With a stimulus bill growing in excess of $800 billion, the $700 billion in federal money under the Troubled Asset Relief Program, costly wars in Afghanistan and Iraq, and Medicare and Social Security benefits promised to Baby Boomers, the U.S. government’s dependence on Chinese and other foreign investors grows ever greater.

The stimulus may grow even bigger. One committee member who quizzed Geithner, Sen. John Kerry, D-Mass., complained that an $825 billion stimulus package, as envisioned by House Democrats, was simply too small to have enough of a simulative effect.

In the short run, at least, it is Chinese and other foreign investors who will pay for much of this spending through their purchases of Treasury securities.
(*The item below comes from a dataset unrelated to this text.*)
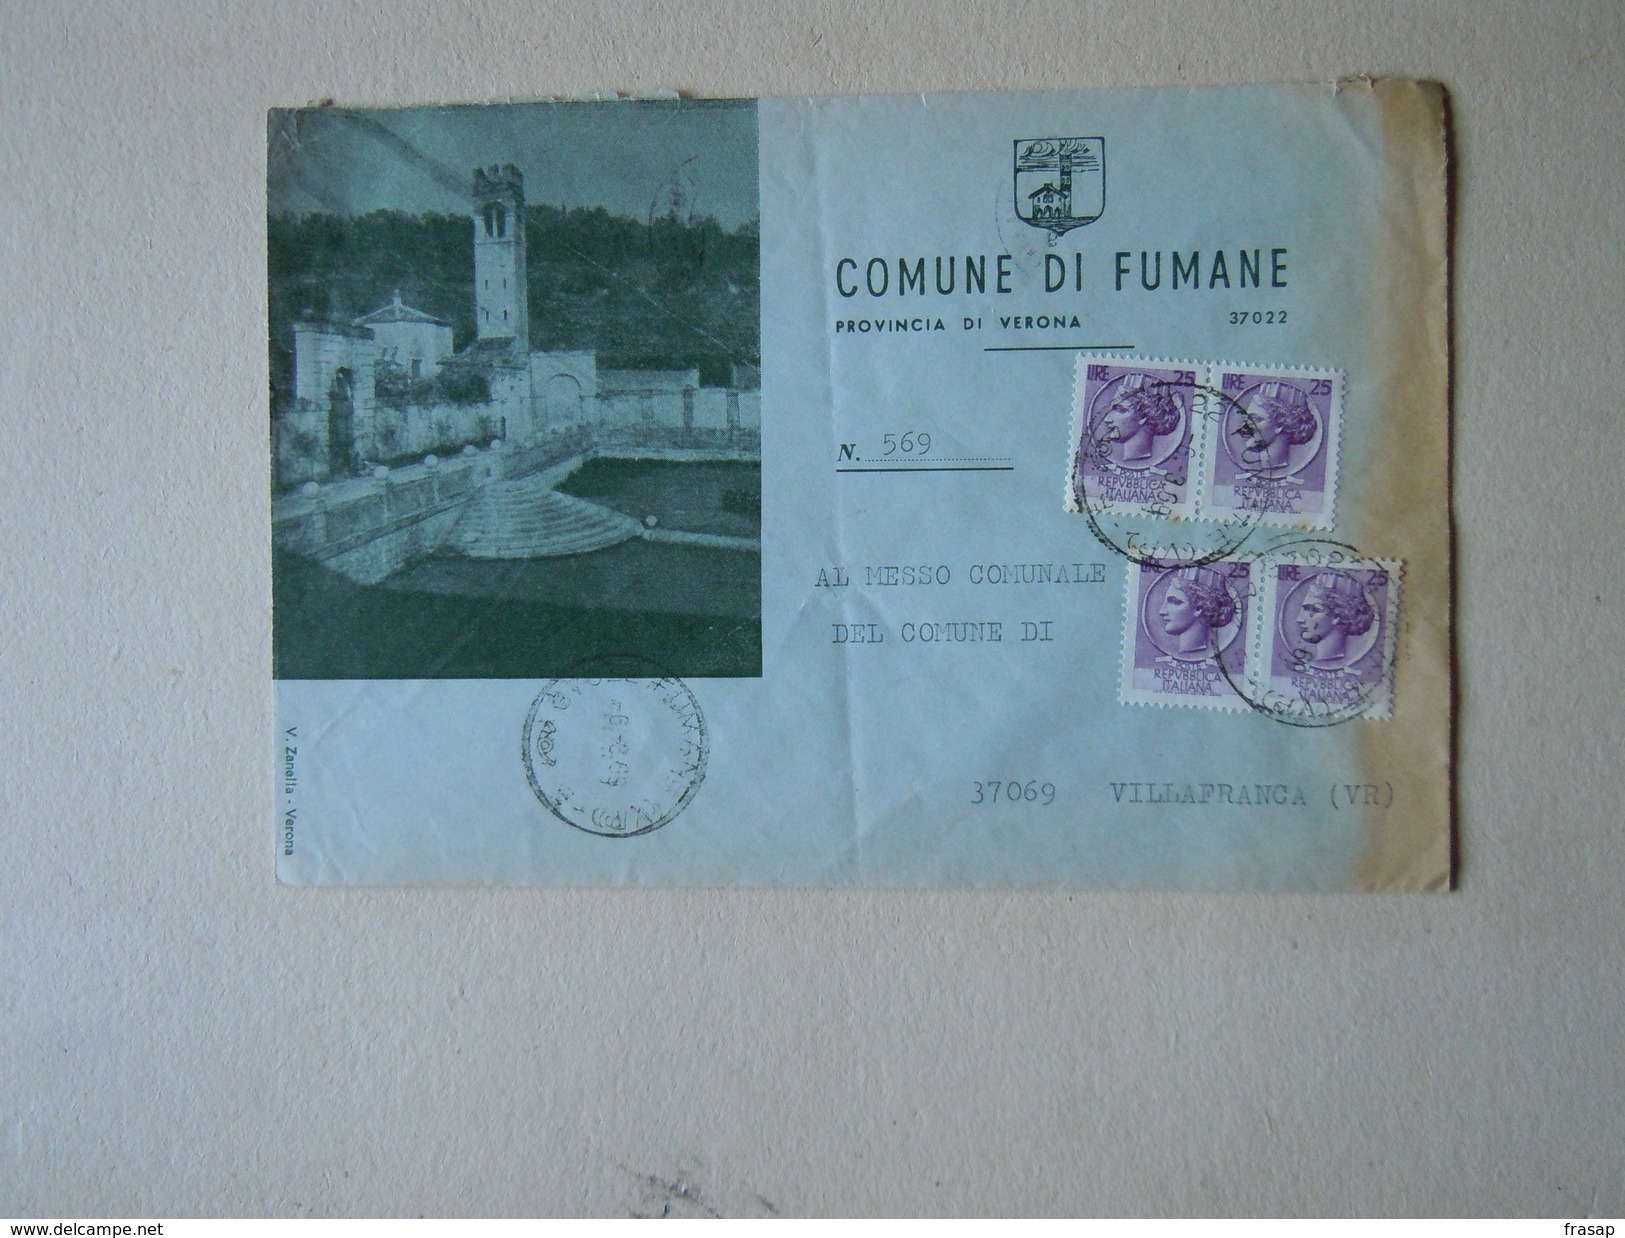 TEMATICA BUSTE COMUNALI - COMUNE DI  FUMANE   N 3 1969 - Buste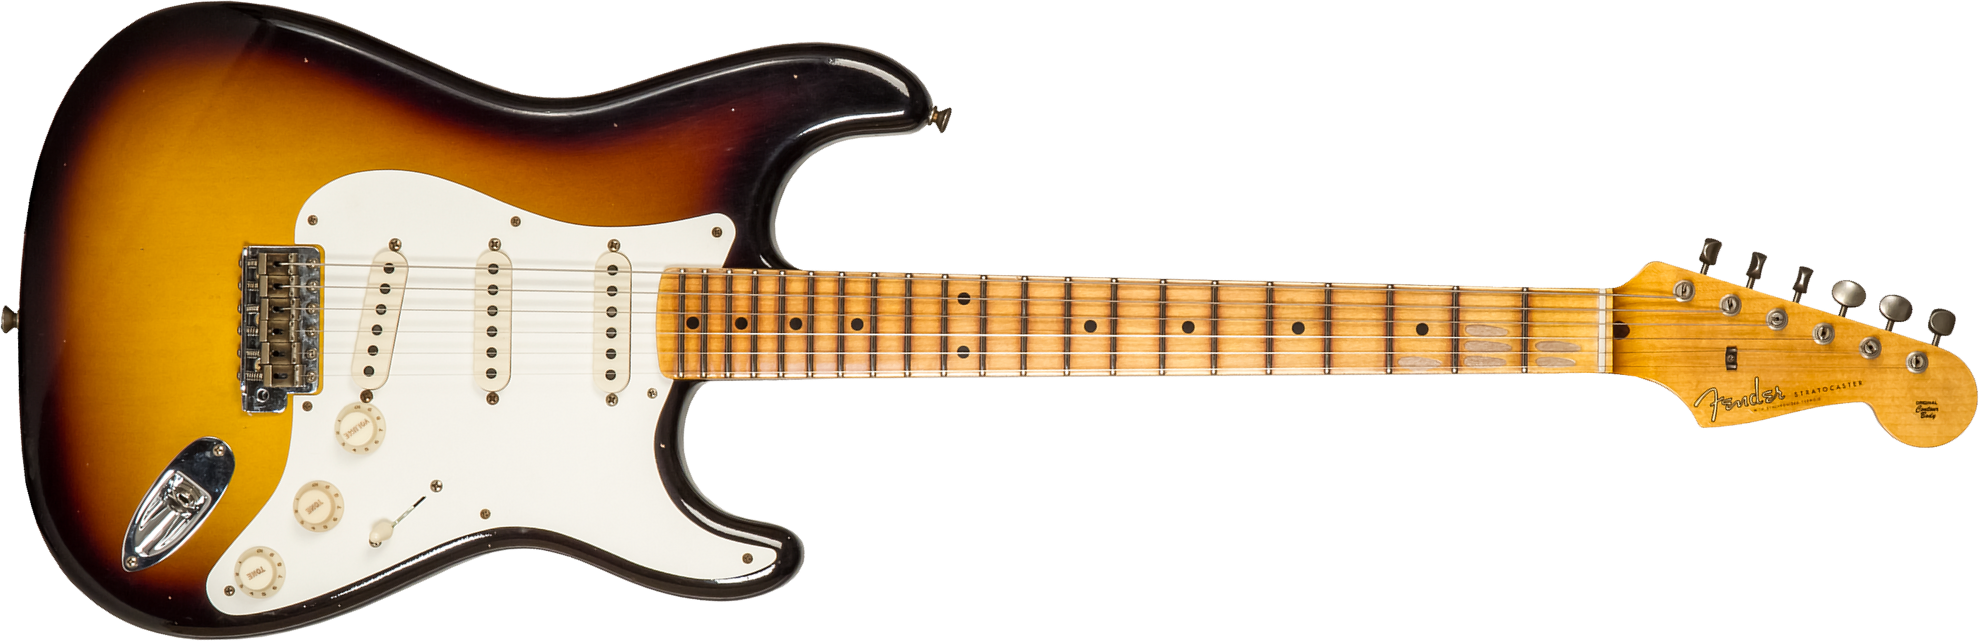 Fender Custom Shop Strat 1956 3s Trem Mn #cz575333 - Journeyman Relic 2-color Sunburst - Str shape electric guitar - Main picture

'Mutual addiction' between China and U.S.  
Finance Committee chairman Sen. Max Baucus, D-Montana, noted what he called “this mutual addiction” between the United States and China, with Americans buying Chinese products, and Chinese investors funding America’s spending by buying Treasury securities.

With his nomination to be voted on perhaps this week, one bleak fact that Geithner will face in his new job was how deeply in hock America is to foreign investors. His boss, President Barack Obama, chose to skirt that issue in his inaugural address.

Geithner took a non-committal line at Wednesday's hearing, avoiding any specific recommendations for cutting spending or reducing dependence on foreign investors.

In response to a question from Baucus, he did emphasize “the obligation we have to put in place a set of policies that would improve confidence in Americans and in investors around the world in our capacity to run our country more effectively.”

He saw the need “to try to convince people we will be able to live within our means” and to confront the future burden of spending on Medicare and other entitlement programs.